Sure the holidays are fun with lights and parties and families getting together and decorations and blah blah blah... Yet, the funny thing about the holiday season is that for all of our talk about how "from now on our troubles will be out of sight," we rarely make any lasting changes in our life direction because of the holidays. Okay, I know all about Ebeneezer Scrooge, Frank Cross (Scrooged), Scott Calvin (The Santa Clause), and, of course, Walter Hobbs (the father of Buddy, the elf), but the truth is that after the excessive work and worry that goes into "getting ready for" the holidays (what the hell does it mean to "get ready" for a random date on a calendar?) we need some time to recover--take an aspirin, drink a Bloody Mary, eat dry toast, and be still. My problem, though, is that my mind is still carrying on like it did the season before and it's hard to shut down the hyper drive. But the worst is my own disappointment in myself--every year--that the holidays didn't change my very much if at all. And I am all too ordinary in that way.

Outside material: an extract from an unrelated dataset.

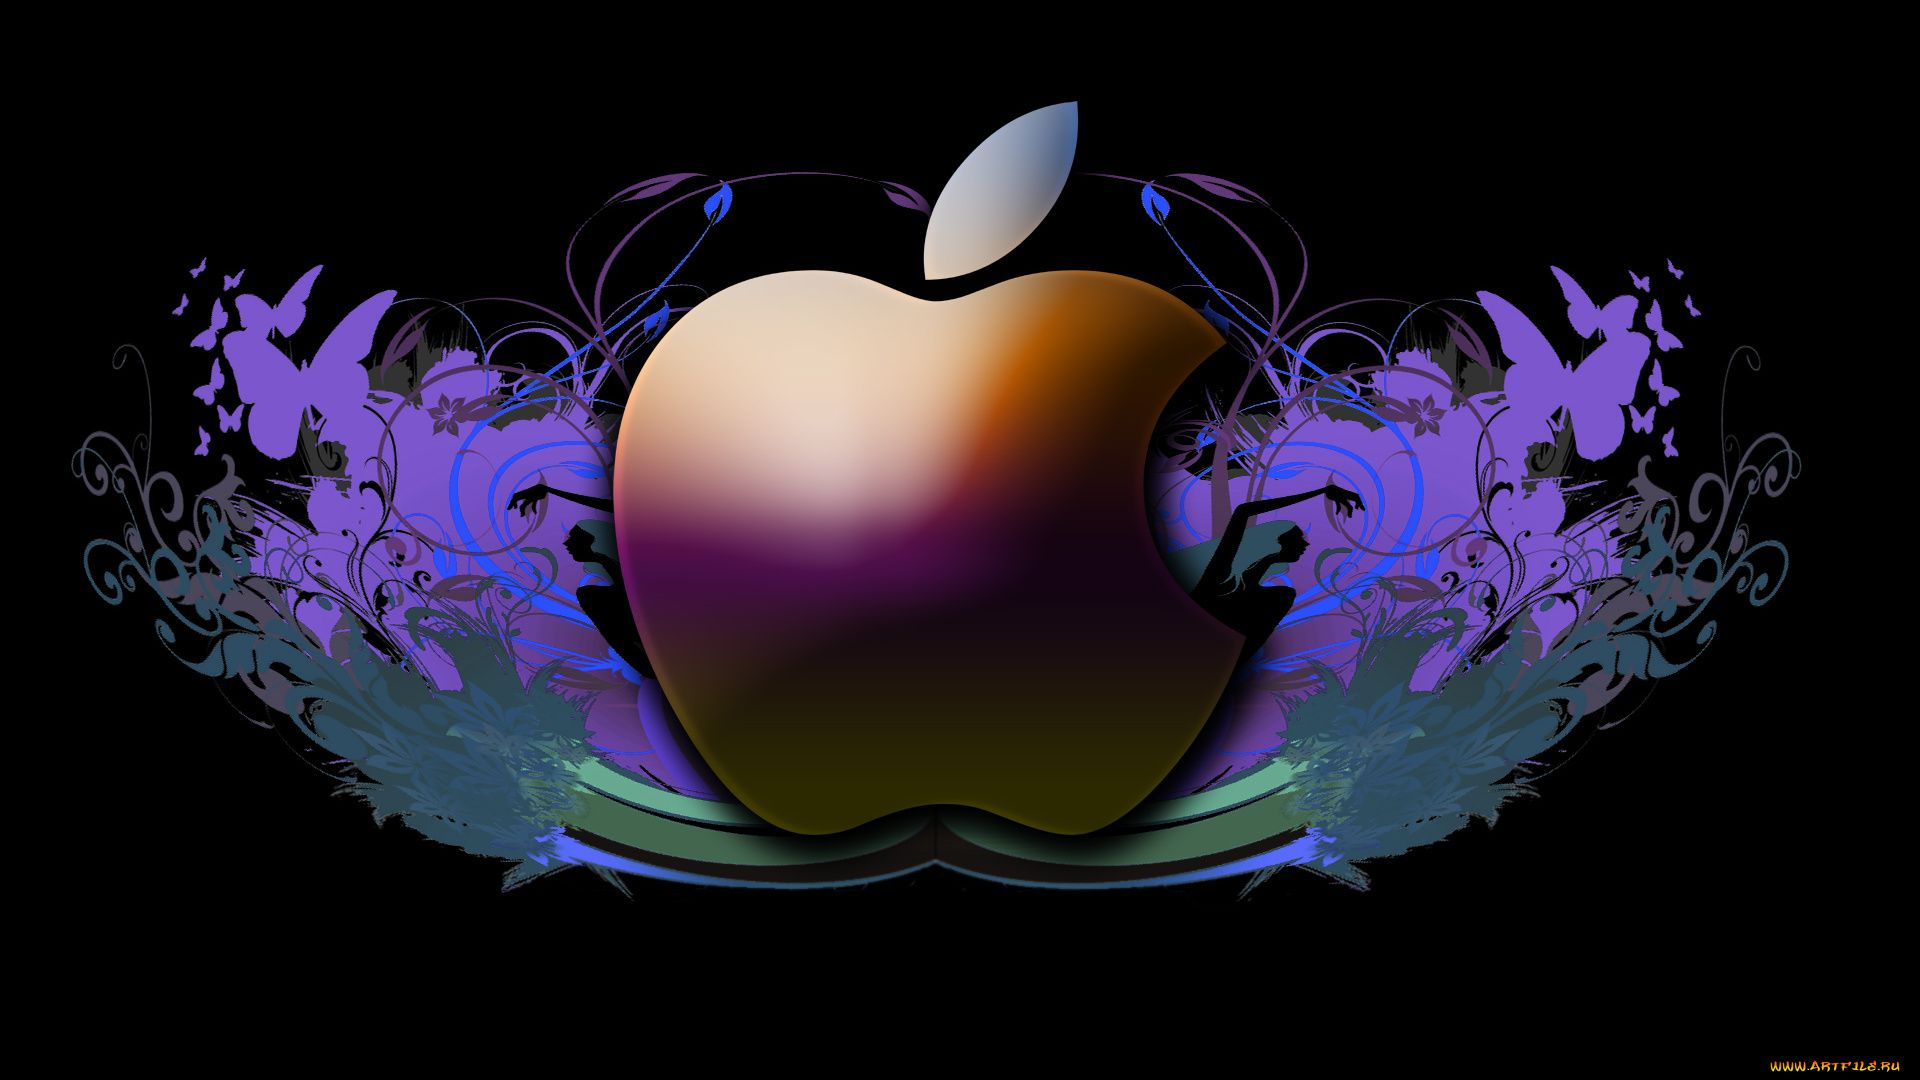 Apple Ipad laptop background wallpaper

One January I thought I was losing my mind. I just couldn't track, couldn't even hang with the Simpsons and barely Sportscenter. My head had all of these ideas, dreams, imaginings, fears, resentments, griefs, and loves piled up but not in any proper place. It took my cd changer being on random play and shoving Allison Krauss (the song, "Lose Again") at me on a snowy Sunday morning before the sun had even come up to get me right again. Something about the banjo melody and the memories of friends mixed with the beauty of snow falling made things okay. The friends in my memories were reminders that I could be okay again. Weird as it was, I started feeling better (please, no psycho analysis from those of you who enjoy the feeling of superiority that it affords you!). The goofy thing, as I saw it, was that when Allison was finished, the cd changed to Aerosmith singing that "It's amazing when the moment arrives that you know you'll be alright." The combination of memory and snow and a renewed feeling that the January hangover was not going to kill me--I would indeed feel alive again. After getting used to the disappointment that the holidays didn't end up, by themselves, making me a better person, I needed music to remind me that it was time to take out the trash and be the person that my friends want to be friends with. That Sunday, I cancelled church and made snowmen with my son.